O desaparecimento de Letycia Garcia Mendes e Sttela Dalva Melegari Almeida, ambas de 18 anos, completa 11 dias. As jovens foram vistas pela última vez em uma caminhonete preta com um homem identificado como Clayton Antonio da Silva Cruz, de 39 anos, que é o principal suspeito. A Polícia Civil do Paraná (PC-PR) trabalha com a hipótese de duplo homicídio, mas também investiga sequestro e cárcere privado.
Mães notaram ausência nas redes sociais
Maria da Penha de Almeida, mãe de Letycia, contou à RPC que a filha costumava sair com amigas, mas sempre mantinha contato por mensagens. Na noite do desaparecimento, Letycia disse que iria a Porto Rico. A preocupação aumentou quando ela parou de responder e de postar nas redes sociais. "Imaginei que ela podia estar em um lugar sem sinal. Mas foi passando a noite e eu me preocupei", disse Maria.
Ana Erli Melegari, mãe de Sttela, estava em Maringá na noite do sumiço. Ela tentou contato na terça-feira (21) sem sucesso. "Mandei mensagem para minha outra filha perguntando se ela tinha visto a Sttela postar algo, mas ela respondeu que não", lembrou Ana.
Investigação e buscas
O secretário de Segurança Pública do Paraná, coronel Hudson Leôncio Teixeira, determinou prioridade ao caso. O delegado Luis Fernando Alves Silva afirmou que novos locais foram mapeados e forças de segurança estão mobilizadas. "Muitas informações chegaram por fontes anônimas e estamos filtrando. Estamos checando e mobilizando toda a força-tarefa", disse.
Denúncias anônimas podem ser feitas pelos telefones 181, 190, 197 ou em delegacias.
Últimos registros das primas
Segundo a polícia, a última postagem de Sttela foi em 21 de abril, mas o desaparecimento só foi reportado no dia 23. Uma amiga disse que Clayton convidou as jovens para uma festa em Porto Rico; ela recusou, mas Letycia e Sttela aceitaram. A polícia reconstituiu a cronologia:
- 22h39 de 20 de abril: jovens saem de Cianorte na caminhonete com Clayton, que se apresentava como "Davi". Última conexão de Letycia.
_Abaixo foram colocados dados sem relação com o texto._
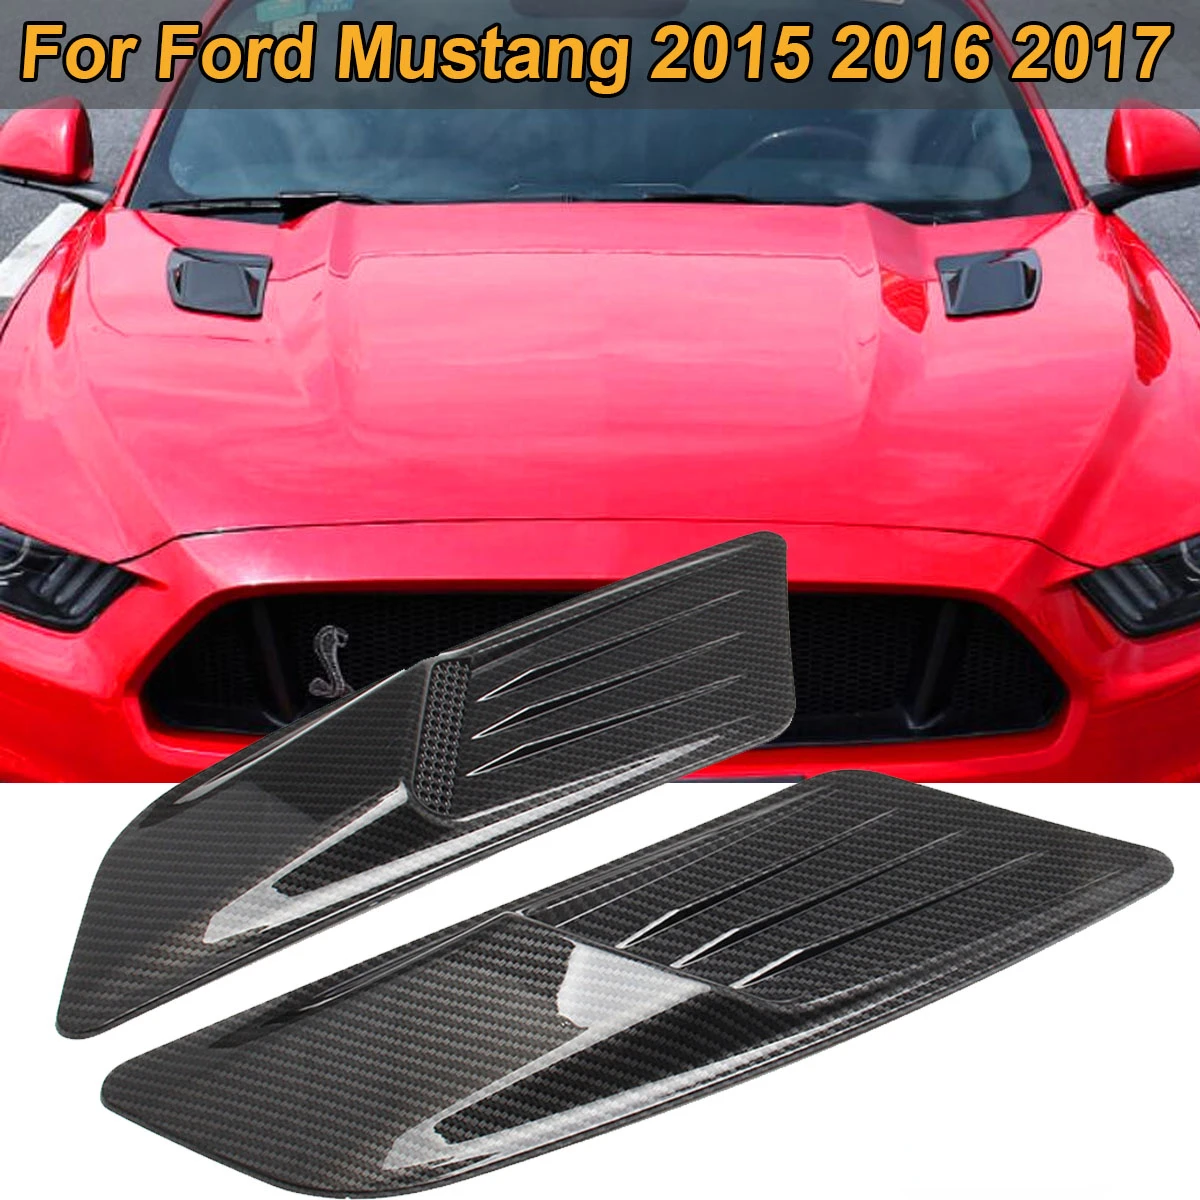 

Front Engine Hood Air Flow Intake Scoop Bonnet Vent Cover Trim for Ford Mustang 2015 2016 2017 Decoration ONLY Car Accessories

- 22h54: câmeras flagram a caminhonete em Jussara, onde Sttela pega uma mochila.
- 22h55: Sttela publica foto com garrafa de uísque e legenda "Qual será o nosso destino KKKK".
- 23h13: trio segue para Maringá pela PR-323.
- 00h16 de 21 de abril: última postagem de Sttela, no trevo entre Presidente Castelo Branco e Nova Esperança, com Clayton.
- 3h17: última conexão de Sttela à internet.
- 9h de 23 de abril: última conexão de Clayton.
- 24 de abril: polícia descobre que Clayton passou por Maringá.
O suspeito
Clayton Antonio da Silva Cruz usava o nome falso "Davi" e tinha mandado de prisão por roubo em Apucarana (2023). A caminhonete era clonada. Conhecido como "Sagaz" e "Dog Dog", frequentava festas em Cianorte. "Era como se o Davi fosse um 'ser social' nas baladas, mas invisível para identificação", explicou o delegado.
Clayton voltou sozinho a Cianorte entre 22 e 23 de abril, sem a caminhonete, e saiu de moto e sem celular. "Pelos indícios, ele está vivo. Mas e as garotas? Precisamos iniciar uma segunda etapa da investigação", disse o delegado. A polícia acredita que ele agiu sozinho.